Russian State Hydrometeorological University (RSHU) (Российский государственный гидрометеорологический университет) is a coeducational and public research university located in St. Petersburg, Russia. It was founded on July 23, 1930. For all the time RSHU have trained more than 20,000 professionals, with more than 3,000 for foreign countries. Current rector is acting Valeriy Mikheev due to the death of the previous rector Lev Karlin.

==History==
Russian State Hydrometeorological University was established on July 23, 1930, on the basis of Geophysical Department of the Faculty of Physics of the MSU as Moscow Hydrometeorological Institute.

After World War II the university was transferred to Leningrad and renamed as Leningrad Hydrometeorological Institute (LHI). The institute became the world's first institution of higher education with hydrometeorological profile.
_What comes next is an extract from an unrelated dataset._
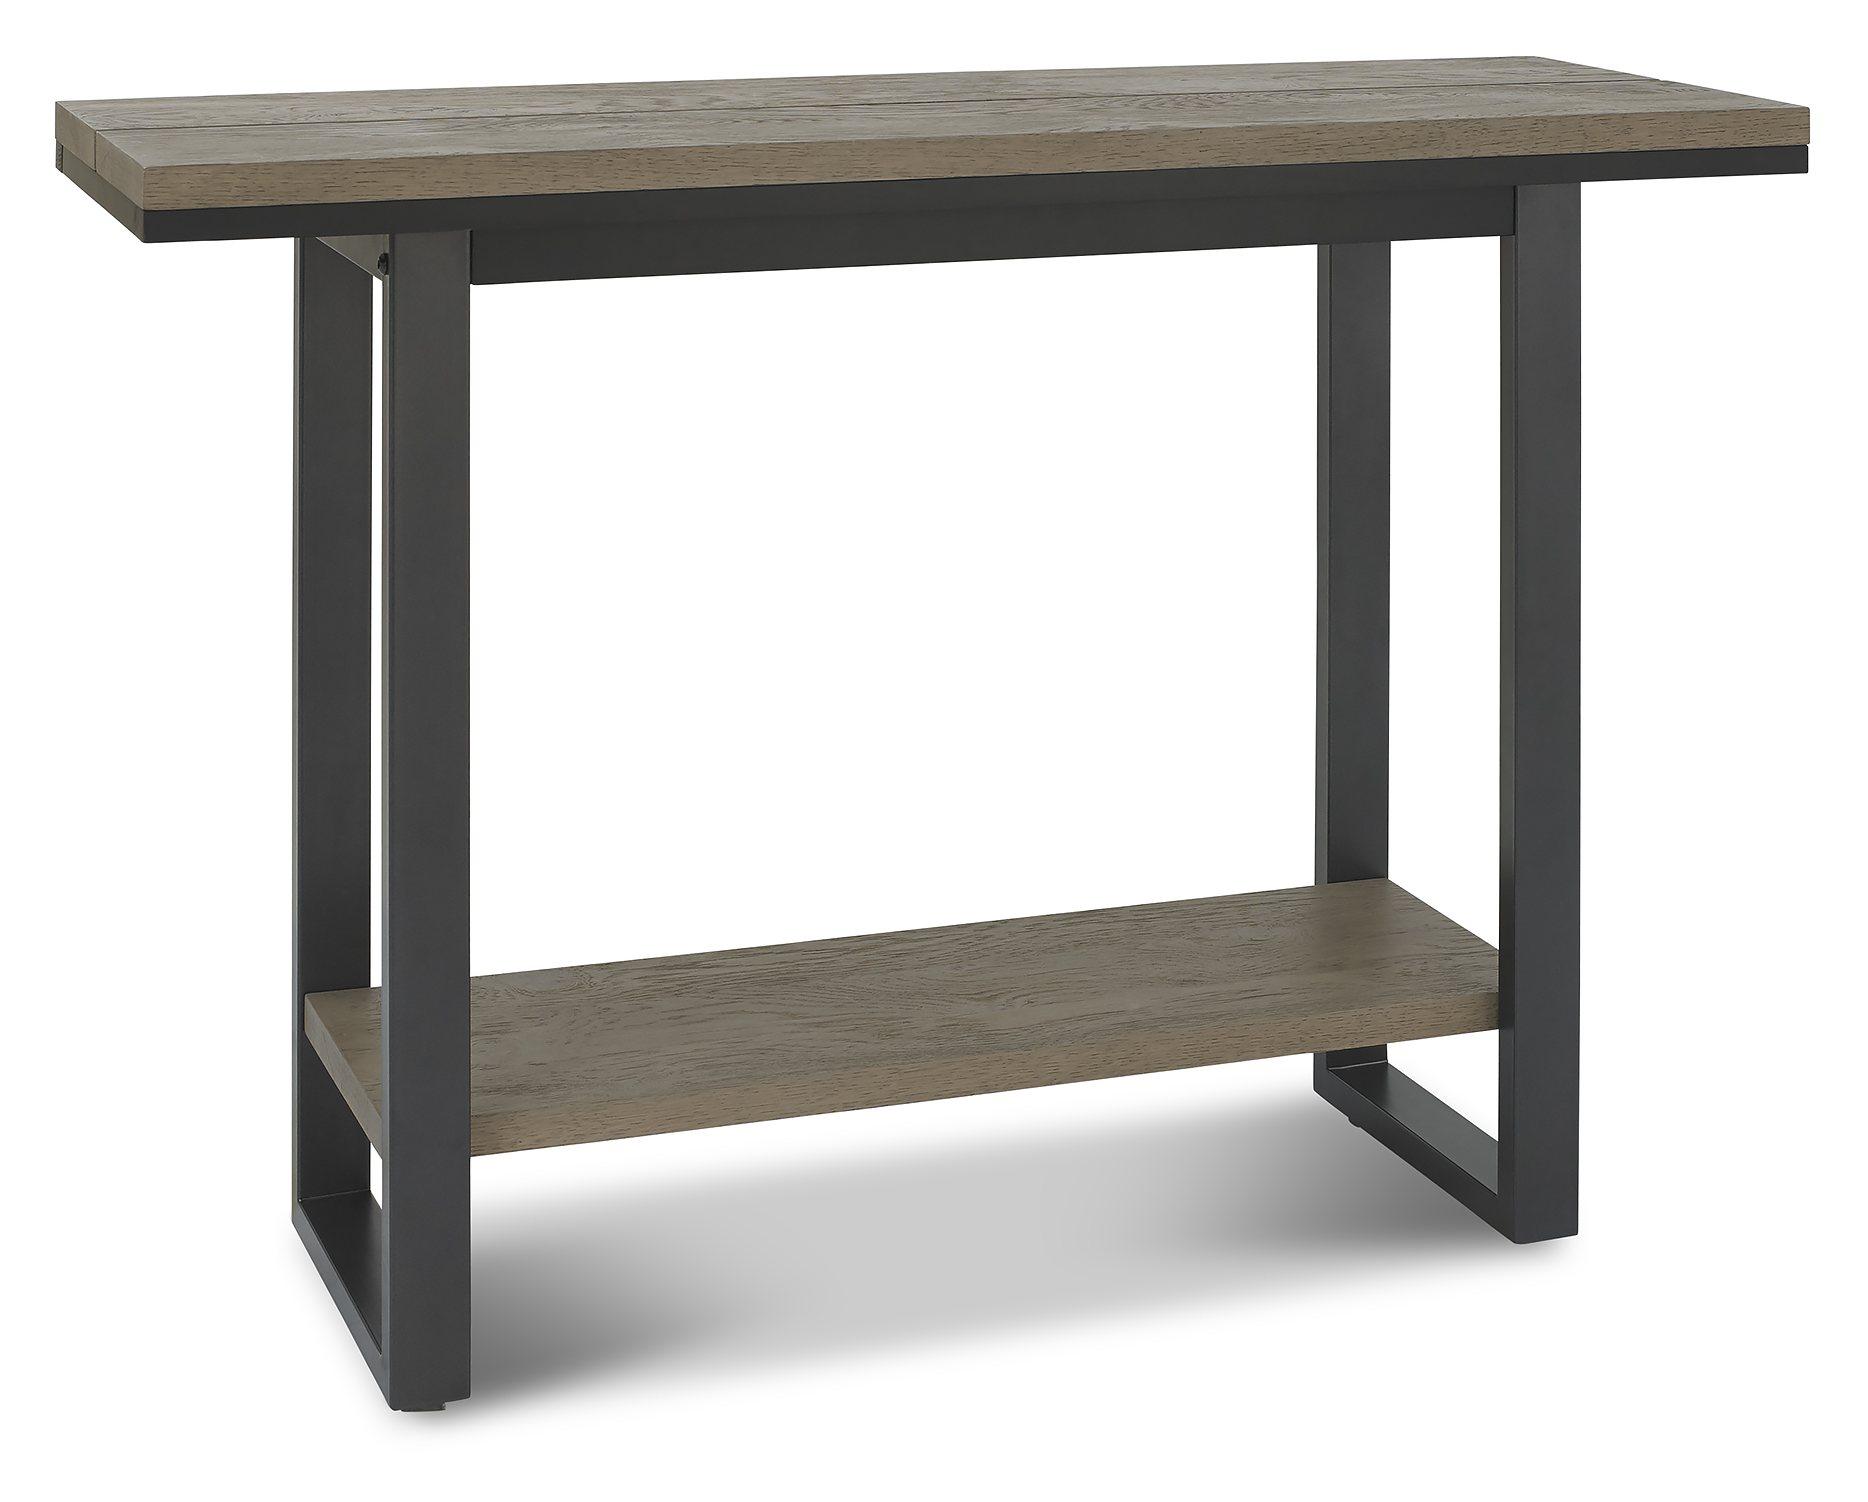 BRIMDISI - CONSOLE TABLE ANGLE VIEW

In 1992, it was renamed the Russian State Hydrometeorological Institute (RSHI). In 1998, it was renamed as Russian State Hydrometeorological University (current name).

==Faculties==
RSHU consists of 8 faculties:
- Meteorological Faculty
- Hydrological Faculty
- Oceanological Faculty
- Ecological Faculty
- Information Systems and Geotechnologies
- Economics, Social Sciences and Humanities
- Philological
- National and Traditional Arts

== University rating==
Center for Promotion of graduates conducted monitoring of university centers of youth employment in 2011. According to the results of this monitoring RSHU took 12th place among the universities of the Russian Federation, and the 3rd place among the universities of St. Petersburg. According to the rating of public universities in Russia in 2010 RSHU ranked 141 out of 1,527 Russian universities in the overall rankings, 23 out of 94 universities of St. Petersburg.

== International collaboration ==
The university is a member of the University of the Arctic. UArctic is an international cooperative network based in the Circumpolar Arctic region, consisting of more than 200 universities, colleges, and other organizations with an interest in promoting education and research in the Arctic region. The collaboration has been paused after the beginning of the Russo-Ukrainian War in 2022.